In yesterday’s daf, the Mishna (Shabbat 22:1, 143b) stated that ‘we may not squeeze (סוחטין) fruits [on Shabbat] to extract liquid from them’ because, as Rashi explains, סחיטה (squeezing) [certain] fruits on Shabbat falls under the forbidden Shabbat melacha of דש (threshing).
Today’s daf (Shabbat 144a-b) continues the discussion of סחיטה (squeezing), but with a particular emphasis on the transformations that occur to such liquids when squeezed with a particular intention.
For example, we are told that while the juice in a fruit has the status of ‘juice of a fruit’, when such fruit is squeezed and collected for the sake of drinking it as a beverage, it ‘adopts’ a new status of being a משקה – meaning ‘a beverage’ – with an independent status that is no longer directly connected to the fruit from which it came (nb. this is why the bracha recited on fruit juice is the more generic ‘Shehakol’ and not ‘HaEtz’ which is said when consuming fruit from a tree).
With this in mind, and while also bearing in mind that the prohibition of סחיטה (squeezing) only applies to drink and not food, the Gemara then states:
‘Rav Yehuda said in the name of Shmuel: “A person may squeeze a cluster of grapes into a pot [of food on Shabbat] but not into an [empty] bowl”’.
As Rashi explains, when the grape juice is mixed with foods, it ‘adopts’ the status of food and is therefore permitted, while if the grapes are squeezed into an empty bowl, then the juice retains its liquid status and such squeezing is therefore forbidden.
What we learn from here is that the juice of a fruit can change its status based on the intentionality of the person squeezing the fruit, and specifically, based on ‘what’ is done with the juice (e.g. drank as a beverage) and ‘where’ it is squeezed into (i.e. squeezed into a pot of food).

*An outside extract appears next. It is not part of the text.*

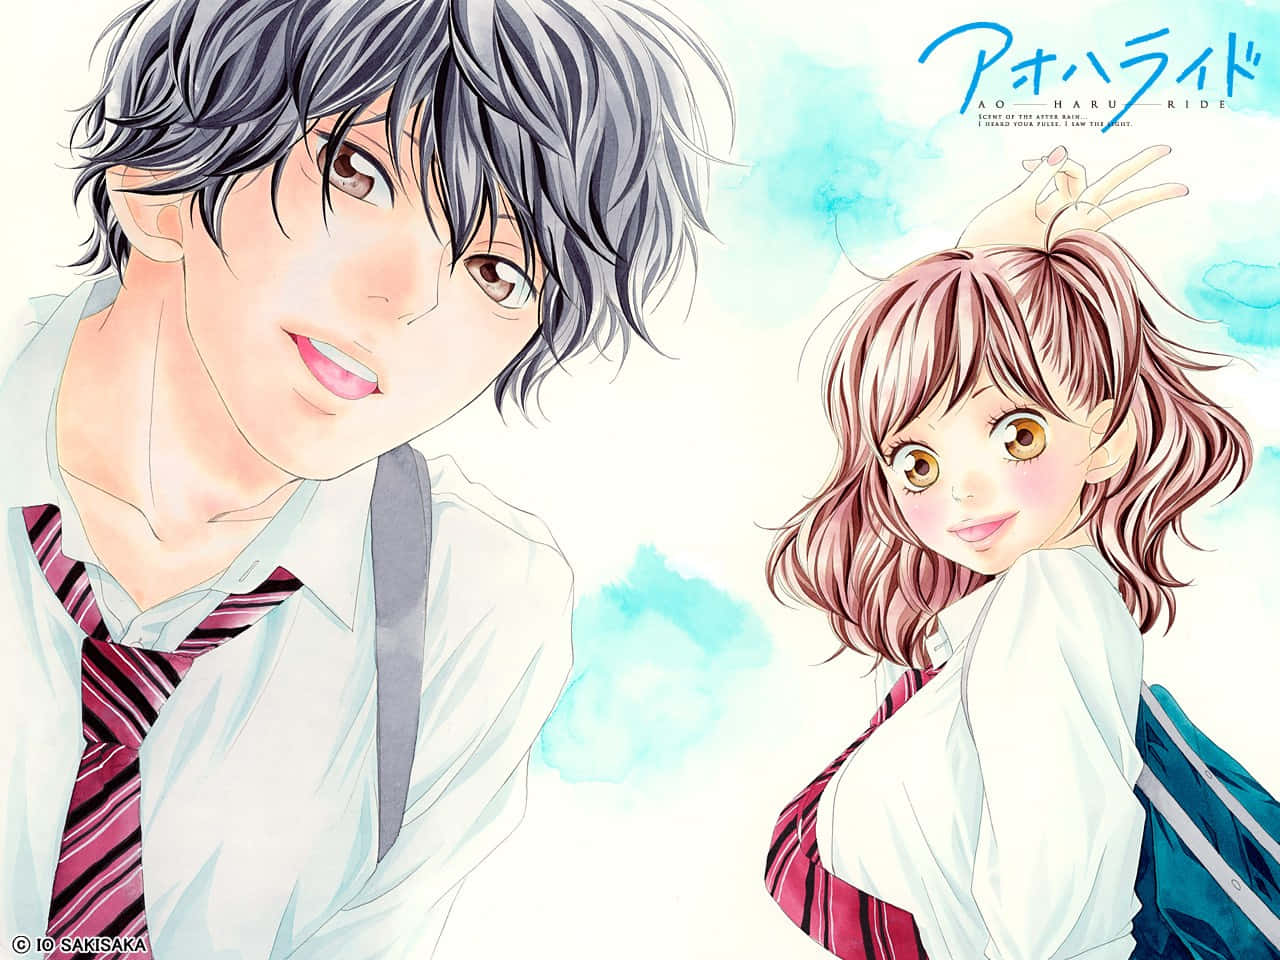 A Moment of Promise in Ao Haru Ride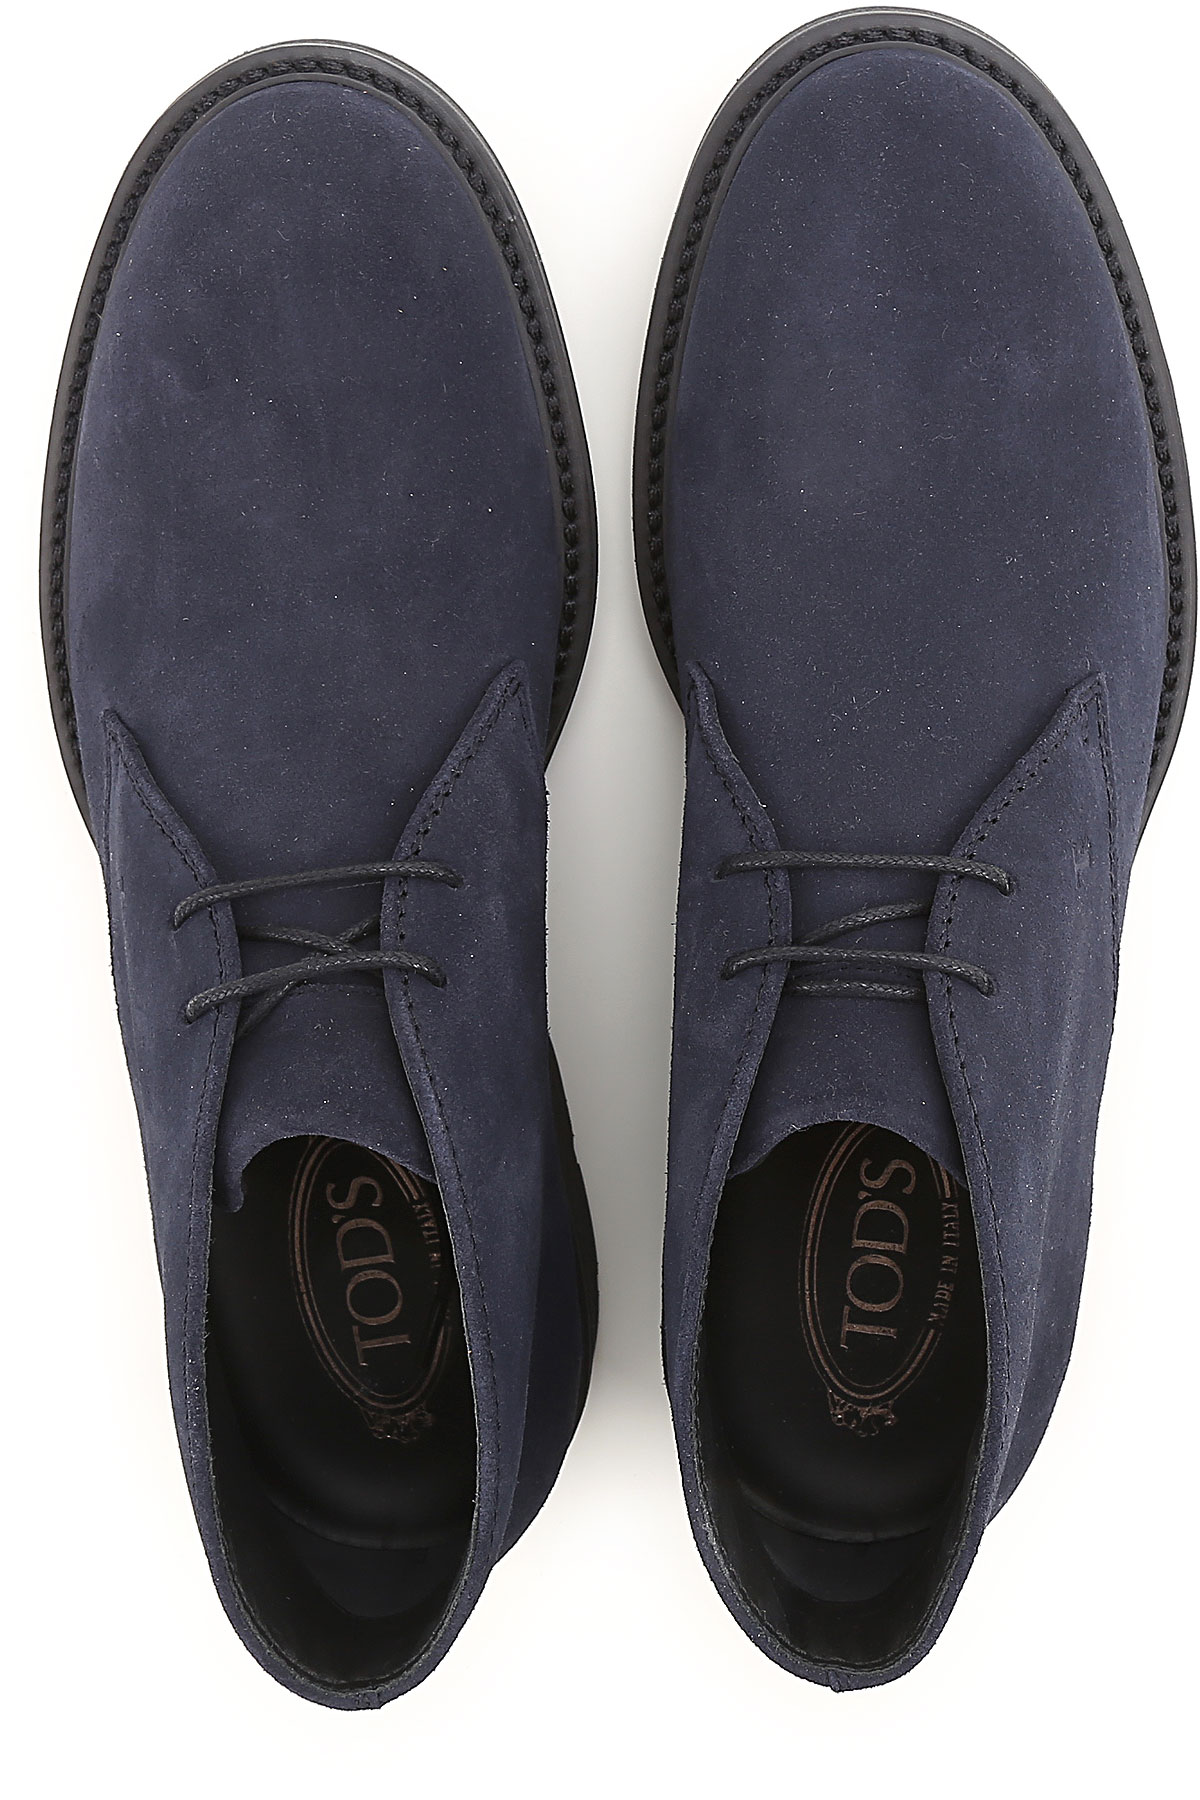 Mens Shoes Tods, Style code

In a similar vein, while – as Rabbi Yisrael Salanter once put it – “It is easier to learn the entire Talmud than to change one character trait”, the possibility of changing and improving ourselves always exists, but this is generally only possible when we are prepared to reconsider ‘what’ we do (i.e. our actions), and ‘where’ we do it (i.e. the physical and spiritual atmosphere that surrounds us).